The studies of geothermal resources in Colombia began in the 1970s (Arango et al. 1970). However, geothermal exploitation has not yet been developed since Colombia has limited technical and scientific capacity for the development of geothermal resources and the areas of interest are located in isolated volcanic zones (Mejia et al. 2014). The only geothermal exploration well in Colombia (Nereidas 1) was drilled in 1997 on the western flank of the Nevado del Ruiz Volcano, and could not reach the predicted depth of 2000 m because it suffered a strong deviation (Monsalve et al. 1998). Colombia has a great potential for the exploitation of geothermal energy, thanks to its strategic location within the fire belt, which allows different thermal manifestations to be seen throughout the country (Moreno-Rendón et al. 2018). Projections indicate that the geothermal potential on the Nevado del Ruiz volcanic complex is 50 MW. In addition, the binational geothermal project Tufiño—Chiles—Cerro Negro that is being developed on the borders of Colombia and Ecuador presents an estimated potential of 138 MW (Mejia et al. 2014), which is evidence of the geothermal potential of the country. Colombia can therefore by characterized as an early development stage country, since only exploration studies have been conducted (Alfaro 2015) and knowledge and expertise are still limited. Nevertheless, the national development plan 2018–2022 mentions the introduction of a geothermal regulation framework and all the actors involved in its creation (Colombian National Planning Department 2019), opening doors to the development of this type of resource.


Chile’s geothermal exploration started between 1921 and 1922 with exploration campaigns led by Larderello’s Italian technical team, which drilled two wells, one 70 m deep and the other 80, in the Antofagasta region (Lahsen et al. 2015). Exploration of geothermal resources was subsequently suspended until 1968. Between 1968 and 1976, geological, geochemical, and geophysical information were collected in the Surire, Puchuldiza, and El Taito geothermal fields (Procesi 2014). In addition, exploratory wells were drilled to evaluate the feasibility of the areas for electric energy production (Morata 2004). The geothermal potential that can be exploited in the country is approximately 2100 MW for the 2017–2050 period, with 600 MW in 2017–2030 and 1500 MW in the following period of 2031–2050 (Chilean Ministry of Energy 2018). Enel Green Power together with the National Petroleum Company built the first geothermal plant called Cerro Pabellón with a capacity of 48 MW distributed in two units (Jorquera 2017).
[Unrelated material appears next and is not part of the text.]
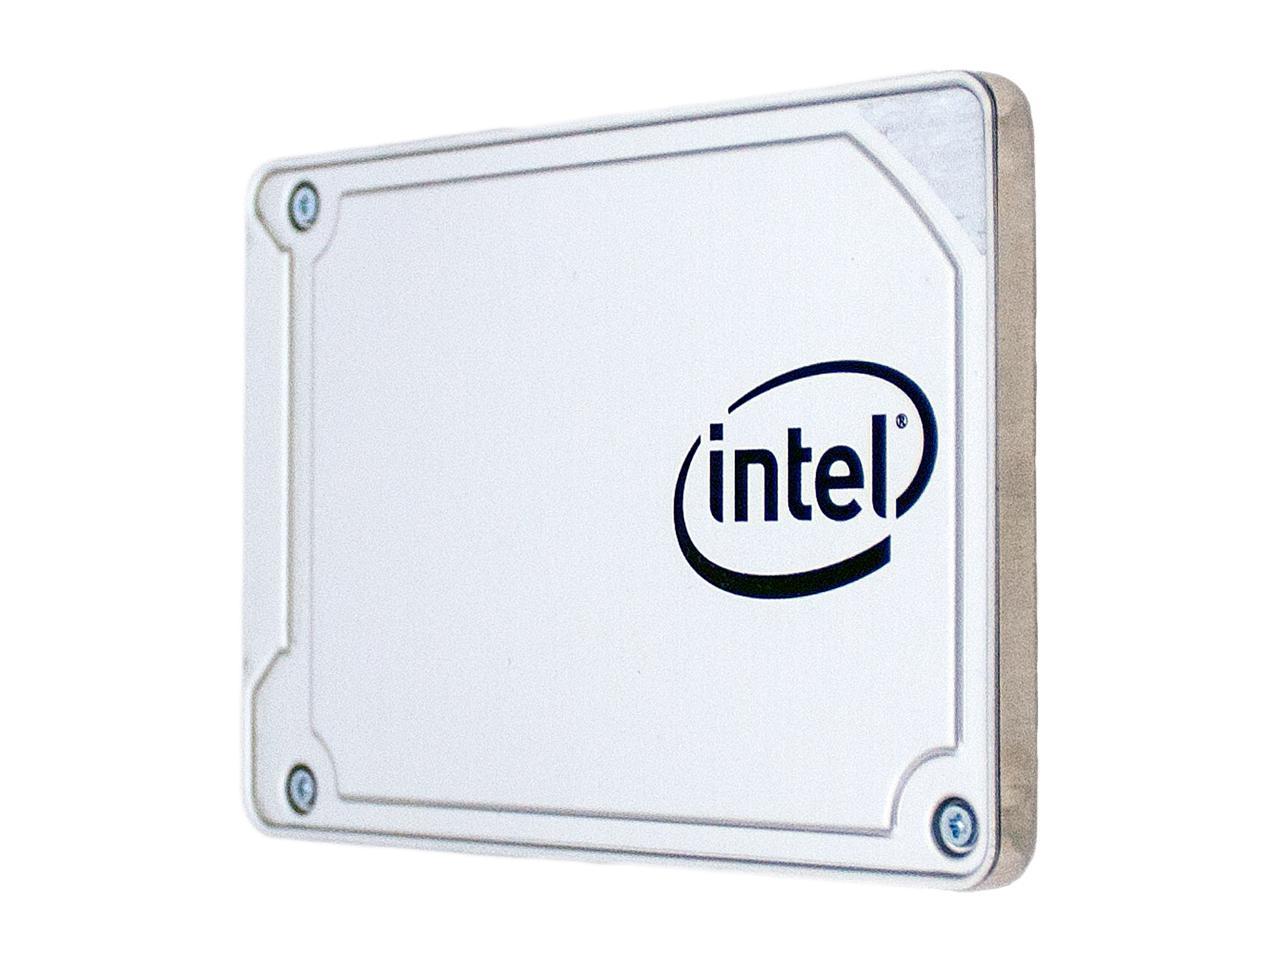 Intel 545s 2.5" 512GB SATA III 64-Layer 3D NAND TLC Internal Solid State Drive (SSD) SSDSC2KW512G8X1

In 2016, a national survey about energy was conducted in Chile (Chilean Department of Energy 2017) and the results indicate that around 30% of the Chilean population knows about geothermal energy as a source of electricity; moreover, among those who are aware of this type of energy, 70% agree with the construction of geothermal power plants. Chile is then considered at a moderate geothermal development stage.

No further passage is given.